DATA PROVIDED:
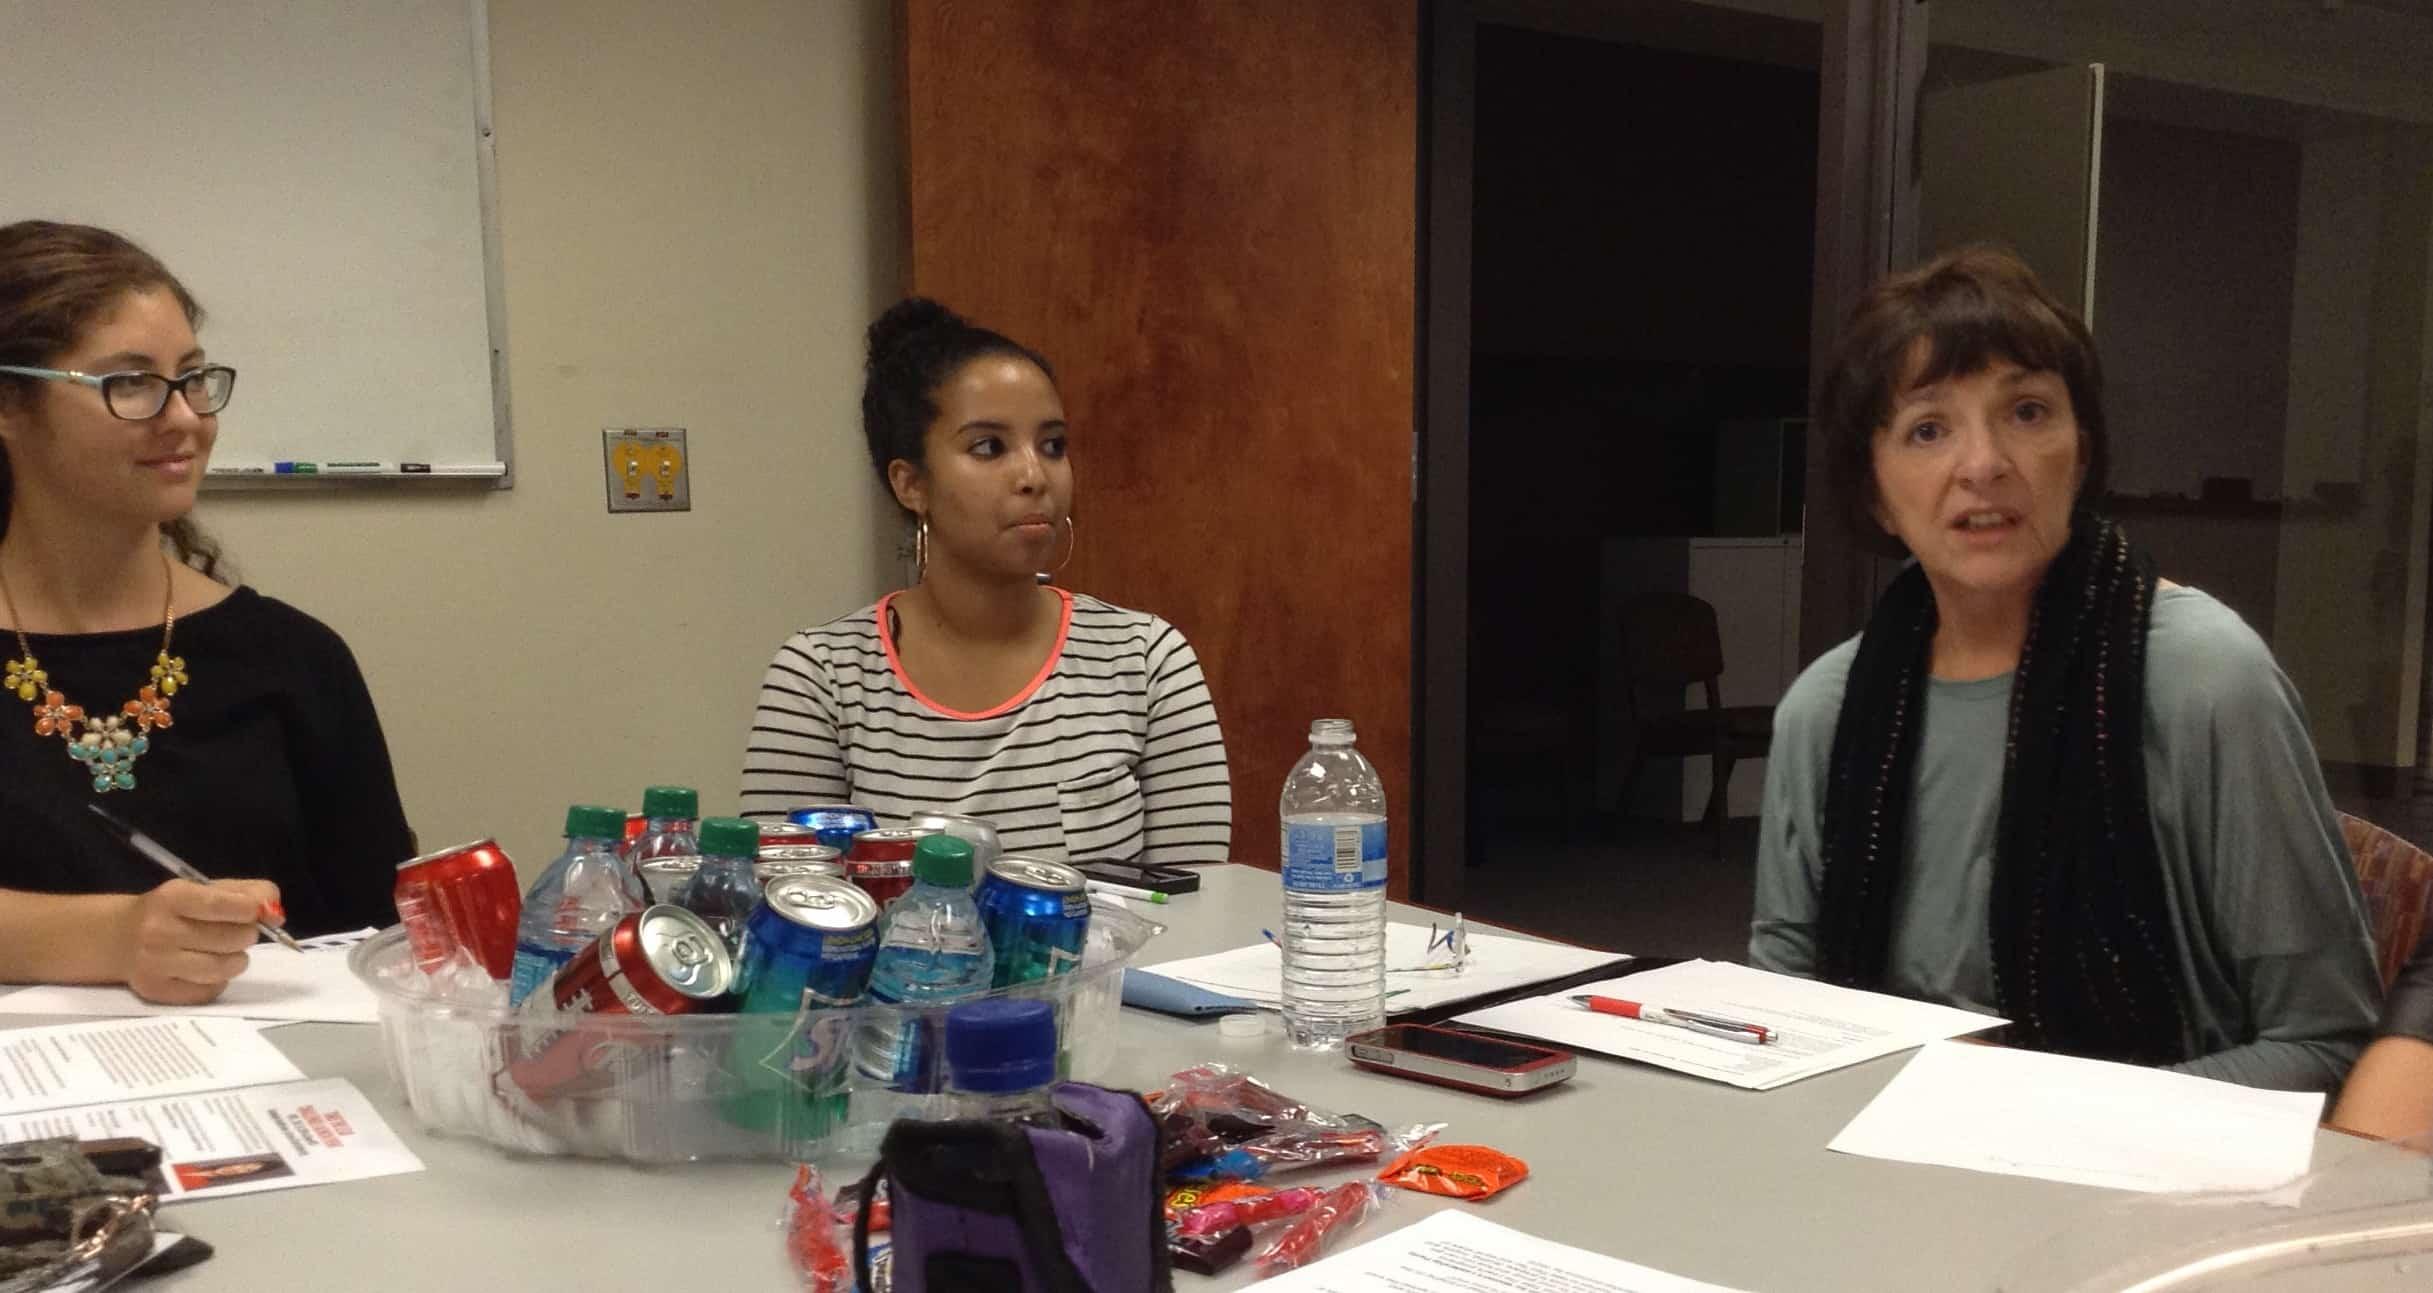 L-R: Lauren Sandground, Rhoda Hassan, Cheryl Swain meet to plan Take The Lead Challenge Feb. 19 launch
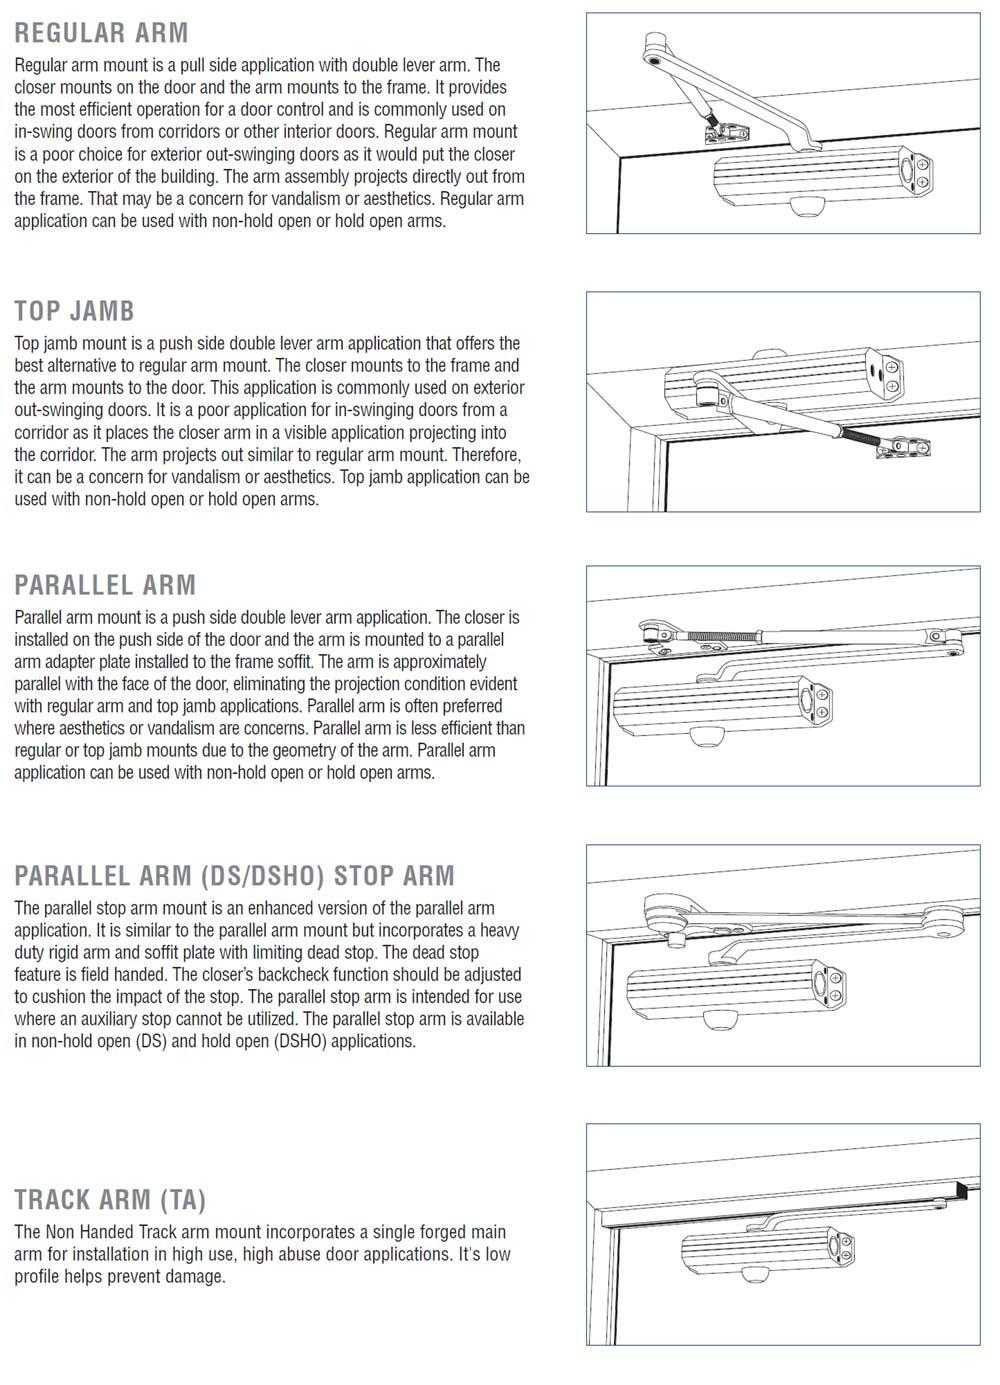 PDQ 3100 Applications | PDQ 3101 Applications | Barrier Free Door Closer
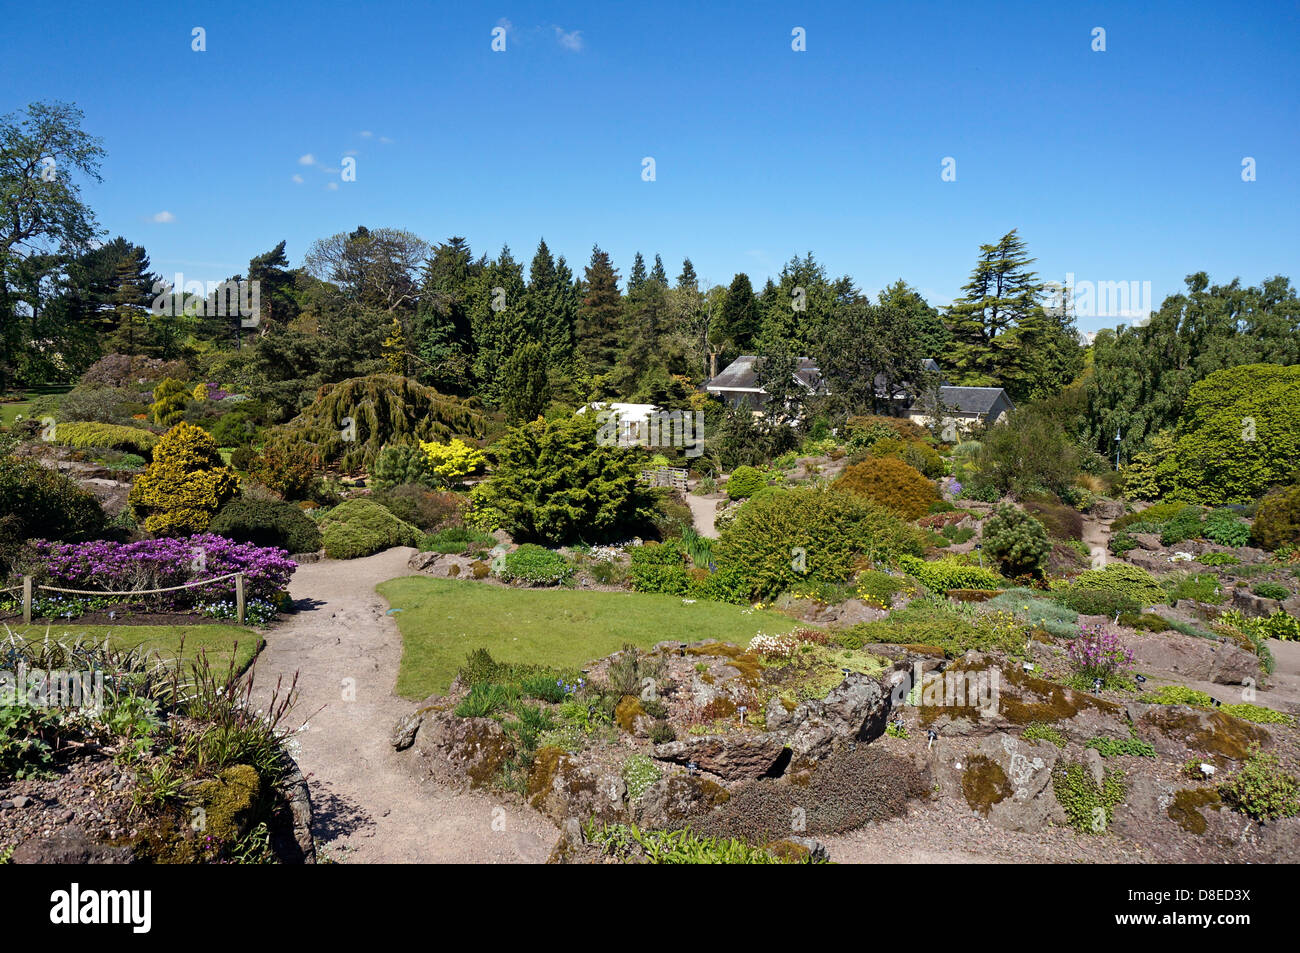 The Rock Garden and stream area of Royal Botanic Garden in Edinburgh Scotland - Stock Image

TASK STATEMENT:
Please return exactly the lines from the one containing "PDQ 3100 Applications" through the end of the material above, both ends included, but not the pictures.

EXPECTED ANSWER:
 PDQ 3100 Applications | PDQ 3101 Applications | Barrier Free Door Closer
 The Rock Garden and stream area of Royal Botanic Garden in Edinburgh Scotland - Stock Image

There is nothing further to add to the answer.